The instructional oppression, represented by the father figure in Anand’s “Fear of Fear”, demonises the “child”. The child’s resistance to the tyranny of pre-conceived oppression brings out the enormity of hardcore power structure. His violent behaviour betrays his profound sense of vulnerability and pent-up anger against a system which fosters denial and intolerance. The child’s physical violence stems from parental apathy and the tragedy of abysmal poverty. Anand, besides showing the power of resistance, lays bare the empirical relationship between poverty and violence. What is far-reaching is the psychological anguish of the child, the haunting memory of deprivation the child is doomed to struggle with, the abuse of power and its consequent discontent the child inherits compared to the economic debility the family of the child suffers from. Anand’s use of extended metaphor of fear foreshadows the crisis of childhood faith with an intuitive insight recalling Tagore’s “Where the mind is without fear” in a paradoxical manner and TS Eliot’s “Where is the life we have lost in living?” in ominous bleakness. 

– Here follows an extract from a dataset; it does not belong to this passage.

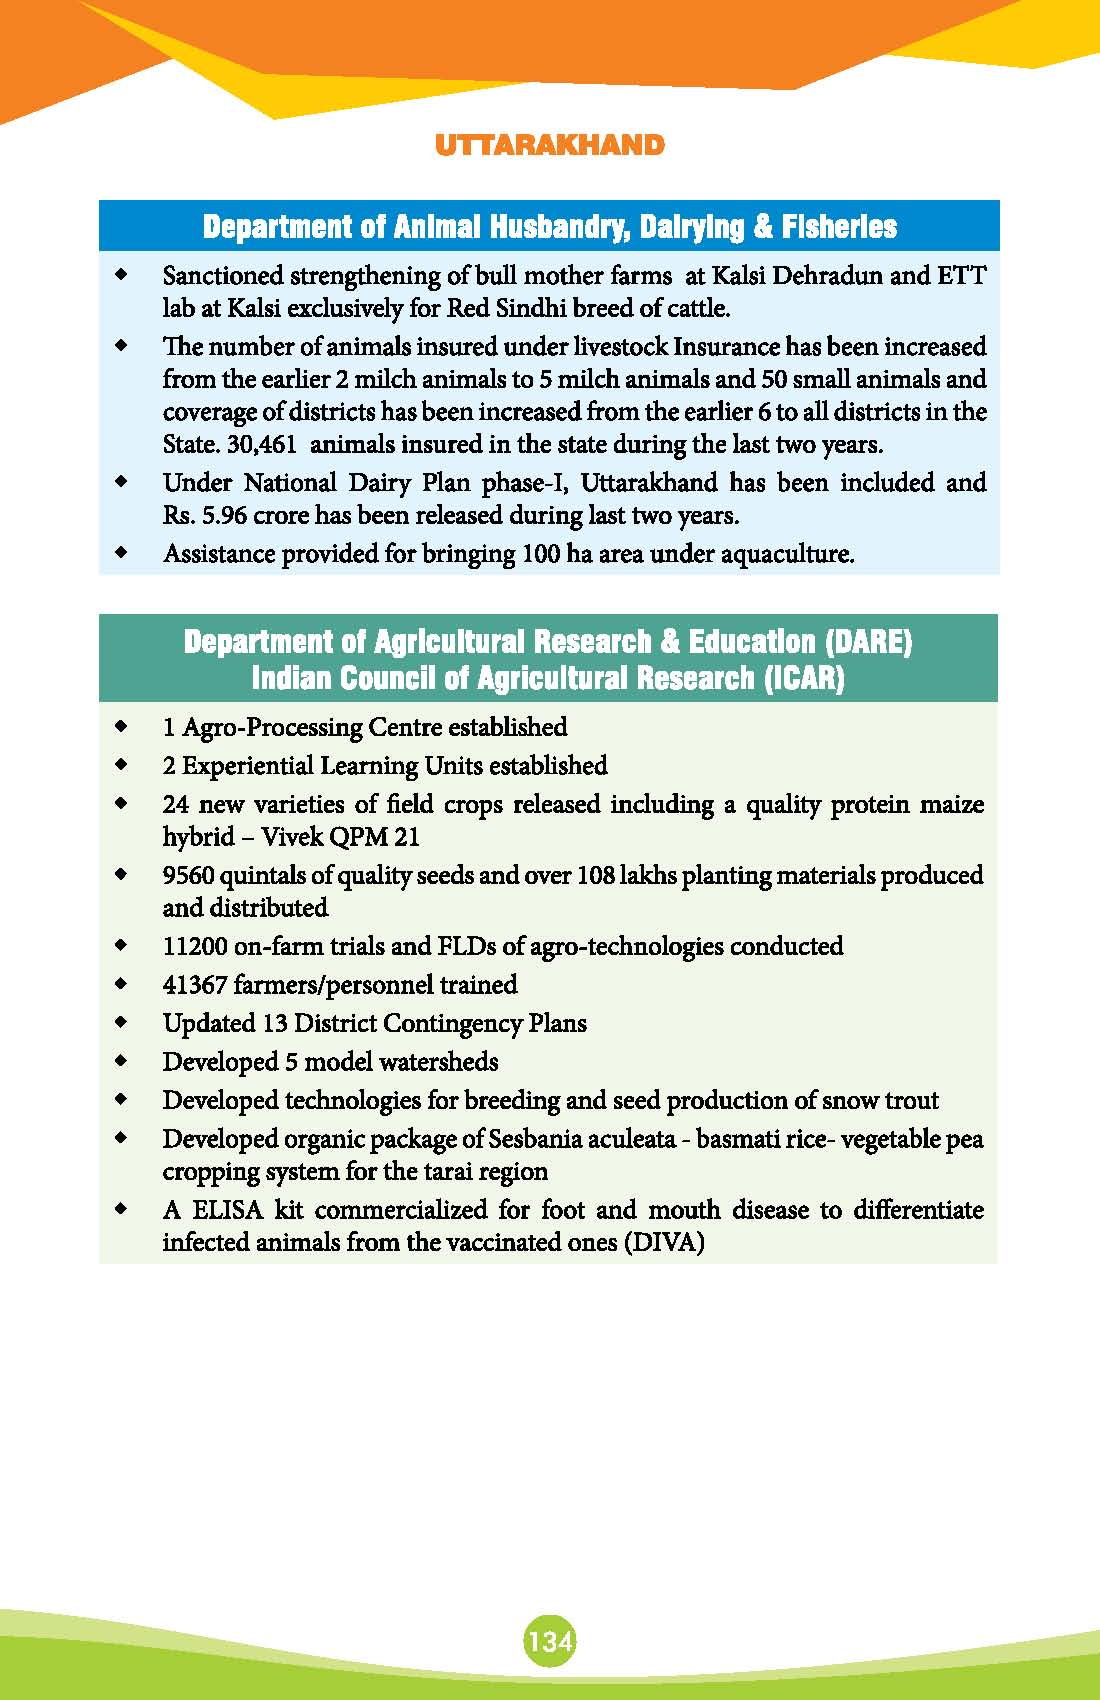 State-Wise-Achievements-2 years_Page_142

In an age of the “lost child syndrome”, Anand becomes increasingly relevant in today’s world of homogenisation, in today’s world of rampant changes through technology and genome-editing, in today’s world of what the science writer Matt Ridley says “the epidemic of absence”, in today’s world of inevitable crisis that the Lebanese-American poet-activist Etel Adnan calls “the cosmic garbage that the universe has become”, Anand’s child-texts are enduring power narratives of being and becoming which generates a multi-generational appeal. He wants the anonymous voice of the “lost child” to be heard and empowered. His narrative is committed to saving the lost child. Anand cautions against the potential dangers of the rituals of the “hive” mind of the adults which inflicts the child-consciousness. 

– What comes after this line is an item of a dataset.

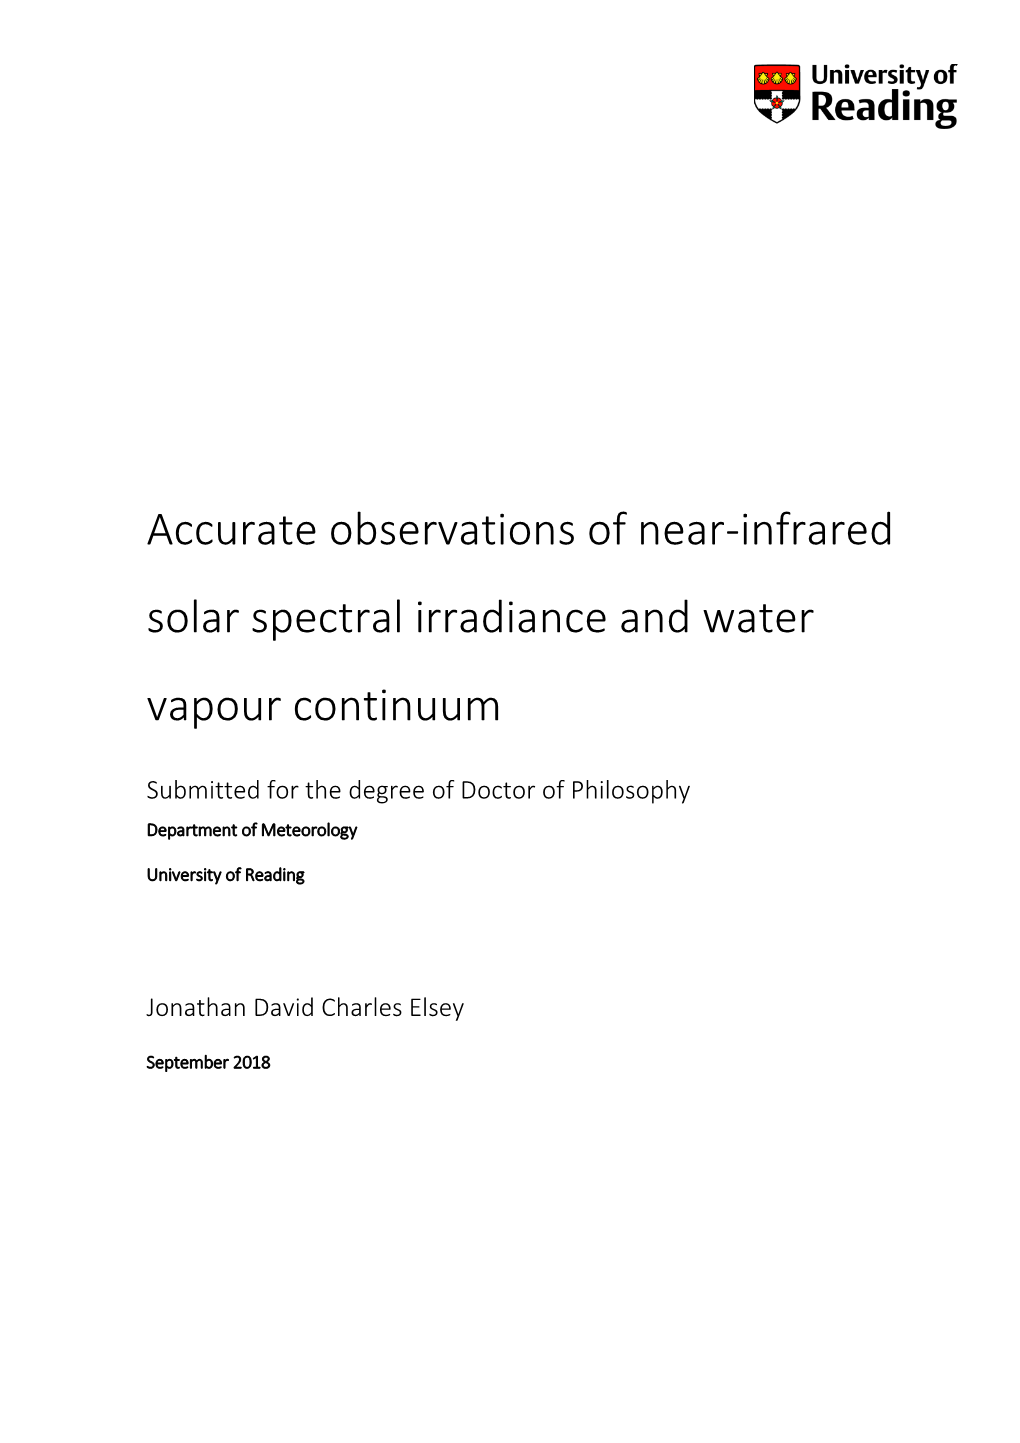 Accurate Observations of Near-Infrared Solar Spectral Irradiance and Water Vapour Continuum

Moreover, in this context, one cannot ignore the ingrained educational hierarchy in India about, what Amartya Sen identifies as the “first boy syndrome”, breeding inequalities and asymmetries. In the unfolding of the knowledge of power, the urgency to unveil the luminous truth of knowing and be known as a knower is what invests beauty and power to the narrative ethos of Anand the educator or call him the “awakened alert” master rendering the Upanishadic power of transformation “Uttisthatajaagrata” (Arise! Awake!) to kindle the elan vital, the life vital in sustaining the beauty and essence of what Sri Aurobindo terms “individual subjectivity”. Anand advocates fearless reasoning and his “the lost child” (emphasis on the definite article) echoes the prophetic words of Swami Vivekananda: “Power will come, glory will come, goodness will come, purity will come, and everything that is excellent will come, when this sleeping soul is roused to self-conscious activity.” Anand is a visionary; the stranger in “The Lost Child” who tries to pacify the inconsolable child, the mother in “Fear of Fear” who nurses the child on her lap following the child’s outburst of fury. No wonder, the power of redemption which Anand, one of the finest thinkers of limit-experiences envisions, recalls the apocalyptic second coming of Kali or Christ.